An example of a chloride-bicarbonate antiporter is the chloride anion exchanger, also known as down-regulated in adenoma (protein DRA). It is found in the intestinal mucosa, especially in the columnar epithelium and goblet cells of the apical surface of the membrane, where it carries out the function of chloride and bicarbonate exchange. Protein DRA's reuptake of chloride is critical to creating an osmotic gradient that allows the intestine to reabsorb water.

Another well-studied chloride-bicarbonate antiporter is anion exchanger 1 (AE1), which is also known as band 3 anion transport protein or solute carrier family 4 member 1 (SLC4A1). This exchanger is found in red blood cells, where it helps transport bicarbonate and carbon dioxide between the lungs and tissues to maintain acid-base homeostasis. AE1 also expressed in the basolateral side of cells of the renal tubules. It is crucial in the collecting duct of the nephron, which is where its acid-secreting α-intercalated cells are located. These cells use carbon dioxide and water to generate hydrogen and bicarbonate ions, which is catalyzed by carbonic anhydrase. The hydrogen is exchanged across the membrane into the lumen of the collecting duct, and thus acid is excreted into the urine.

Because of its importance to the reabsorption of water in the intestine, mutations in protein DRA cause a condition called congenital chloride diarrhea (CCD). This disorder is caused by an autosomal recessive mutation in the DRA gene on chromosome 7. CCD symptoms in newborns are chronic diarrhea with failure to thrive, and the disorder is characterized by diarrhea that causes metabolic alkalosis.

Mutations of kidney AE1 can lead to distal renal tubular acidosis, a disorder characterized by the inability to secrete acid into the urine. This causes metabolic acidosis, where the blood is too acidic. A chronic state of metabolic acidosis can the health of the bones, kidneys, muscles, and cardiovascular system. Mutations in erythrocyte AE1 cause alterations of its function, leading to changes in red blood cell morphology and function. This can have serious consequences because the shape of red blood cells is closely tied to their function of gas exchange in the lungs and tissues. One such condition is hereditary spherocytosis, a genetic disorder characterized by spherical red blood cells. Another is Southeast Asian ovalocytosis, where a deletion in the AE1 gene generates oval-shaped erythrocytes. Finally, overhydrated hereditary stomatocytosis is a rare genetic disorder where red blood cells have an abnormally high volume, leading to changes in hydration status.

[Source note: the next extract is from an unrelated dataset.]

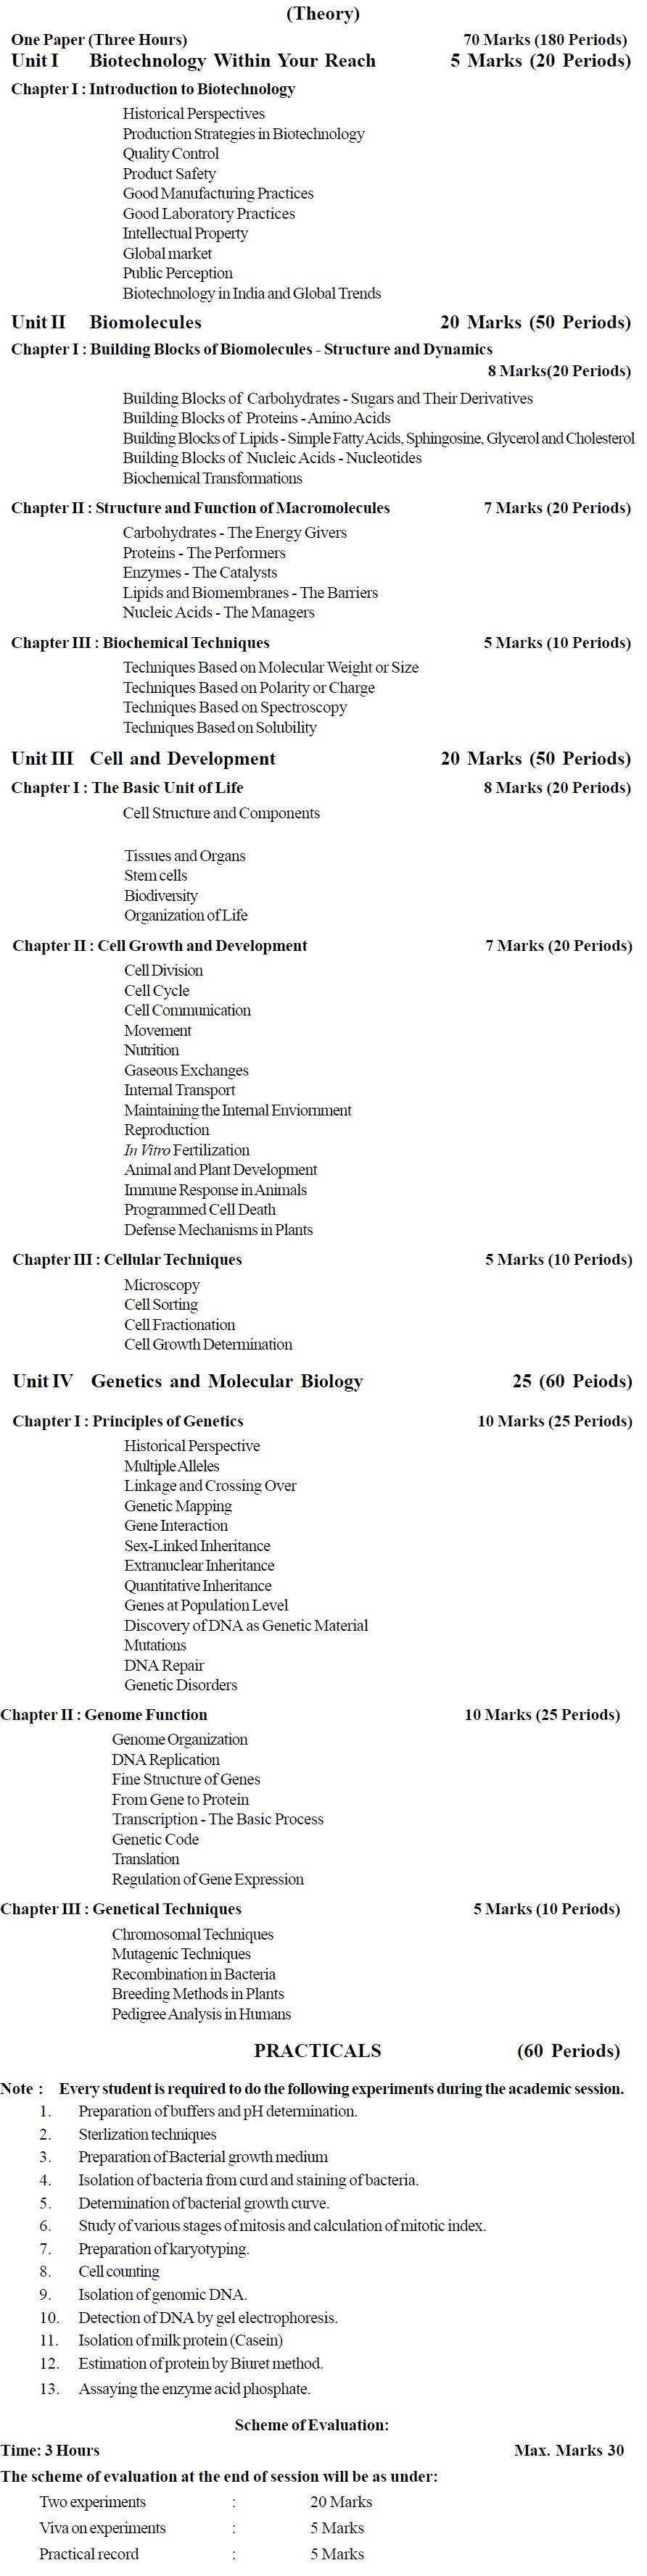 CBSE Class XI Marking Scheme 2014: Biotechnology

The proper function of AE2, an isoform of AE1, is important in gastric secretion, osteoclast differentiation and function, and the synthesis of enamel. The hydrochloric acid secretion at the apical surface of both gastric parietal cells and osteoclasts relies on chloride-bicarbonate exchange in the basolateral surface. Studies found that mice with nonfunctional AE2 did not secrete hydrochloric acid, and it was concluded that the exchanger is necessary for hydrochloric acid loading in parietal cells. When AE2 expression was suppressed in an animal model, cell lines were unable to differentiate into osteoclasts and perform their functions. Additionally, cells that had osteoclast markers but were deficient in AE2 were abnormal compared to the wild-type cells and were unable to resorb mineralized tissue. This demonstrates the importance of AE2 in osteoclast function. Finally, as the hydroxyapatite crystals of enamel are being formed, a lot of hydrogen is produced, which must be neutralized so that mineralization can proceed. Mice with inactivated AE2 were toothless and suffered from incomplete enamel maturation.

=== Chloride-hydrogen antiporter ===
The chloride-hydrogen antiporter facilitates the exchange of chloride ions for hydrogen ions across plasma membranes, thus playing a critical role in maintaining acid-base balance and chloride homeostasis. It is found in various tissues, including the gastrointestinal tract, kidneys, and pancreas. The well-known chloride-hydrogen antiporters belong in the CLC family, which have isoforms from CLC-1 to CLC-7, each with a distinct tissue distribution. Their structure involves two CLC proteins coming together to form a homodimer or a heterodimer where both monomers contain an ion translocation pathway. CLC proteins can either be ion channels or anion-proton exchangers, so CLC-1 and CLC-2 are membrane chloride channels, while CLC-3 through CLC-7 are chloride-hydrogen exchangers.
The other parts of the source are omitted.